Патрик сокрушенно кивает.
– Но есть и еще кое-что, – говорит Агата. – Кое-какие сведения в медицинских картах Кайи и Мэри. Которые не попали в полицейские отчеты.
Патрик хмурится.
– И какие же?
– Обе были беременны.
На лице Патрика написано искреннее потрясение.
– Обе? Беременны?
– Как ты это пропустил? – спрашивает Агата. – Обе сдавали анализы крови, оба анализа показали высокий уровень хорионического гонадотропина. О беременности прямо не говорилось, но анализы крови и уровни ХГЧ это подразумевают.
– Я никогда не видел медицинских карт, – безучастно отвечает Патрик.
Агата хмурится, сбитая с толку.
– Не понимаю.
– Женщин же не убили, Агата. Они пропали. Доктор рассказал мне, что было в их картах, во всяком случае, что сам считал важным. От него по закону не требовалось передавать эти сведения, и он сослался на конфиденциальность пациентов. Сказал, что у Кайи были травмы от домашнего насилия. Господи, да большая часть города видела их своими глазами. Все знали, что Миика любит выпить и почесать кулаки. Но Мэри-то была совершенно здорова. Мы проверили, просто чтобы убедиться, что она не лежит где-то в диабетической коме или вроде того. Однако про беременность врач ничего не говорил. Иначе я бы определенно задумался.

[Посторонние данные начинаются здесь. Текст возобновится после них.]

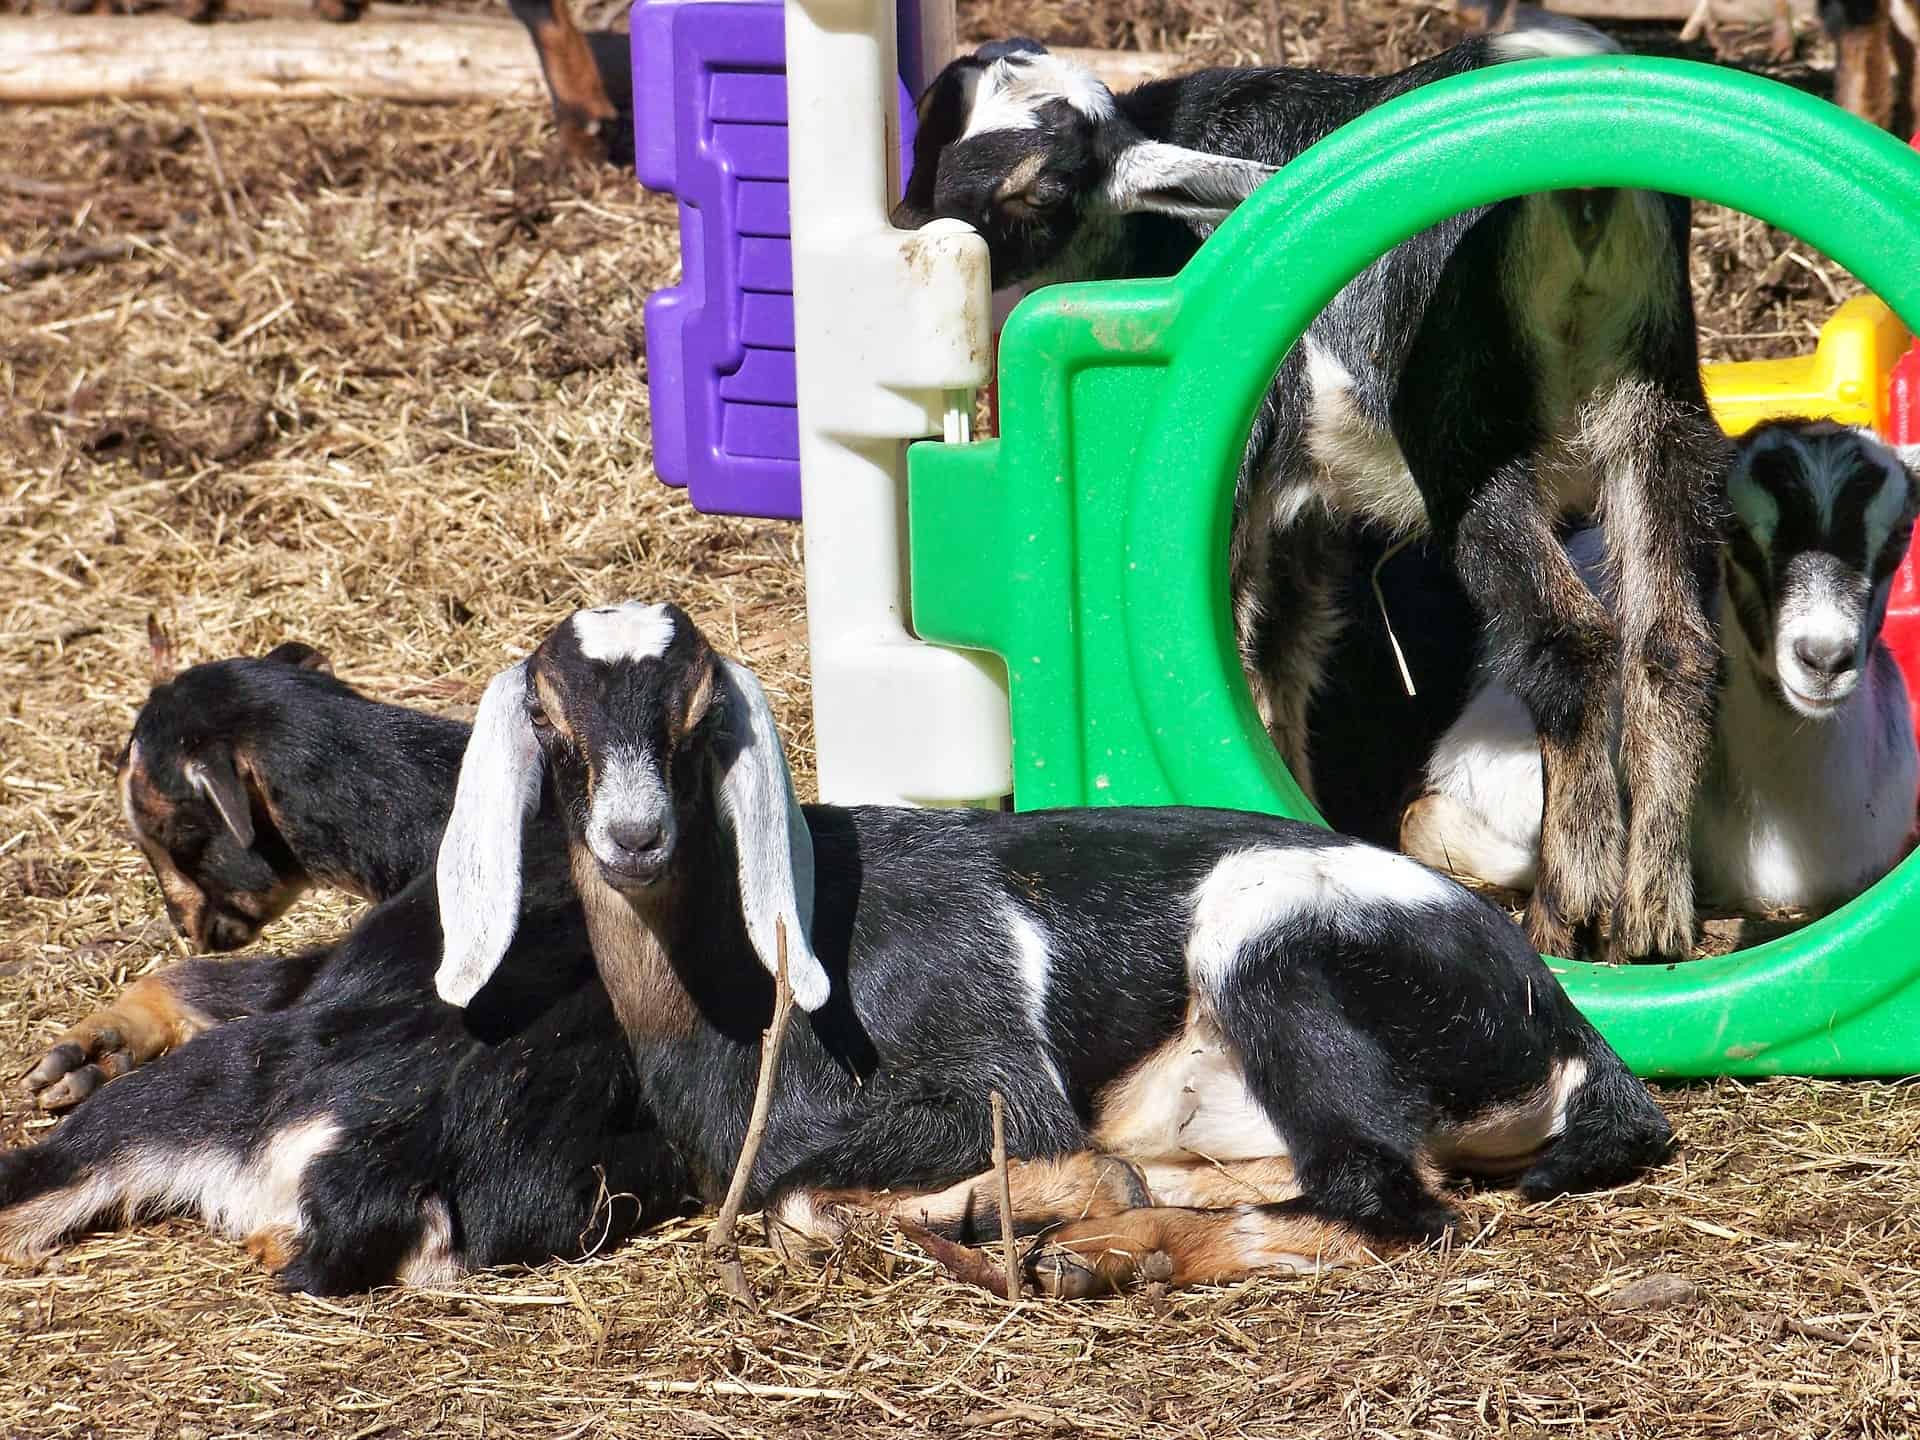 Nubian Goats in a playhouse

Патрик встает и начинает расхаживать по кухне.
– Почему он не счел это важным? – спрашивает Агата.
– Не знаю! Да и не спросишь уже: он умер семь лет назад.
– Может, была какая-то причина, чтобы это скрывать? Насколько хорошо он знал Кайю? А Мэри?
– Кайю он знал так же хорошо, как и мы все, – говорит Патрик. – Насчет Мэри не знаю.
– Однако же это должно что-то значить, правда? Тот факт, что у них обеих были положительные тесты на беременность и обе пропали? Что, если…
Агата умолкает.
– Говори, – настаивает Патрик, прекращая вышагивать.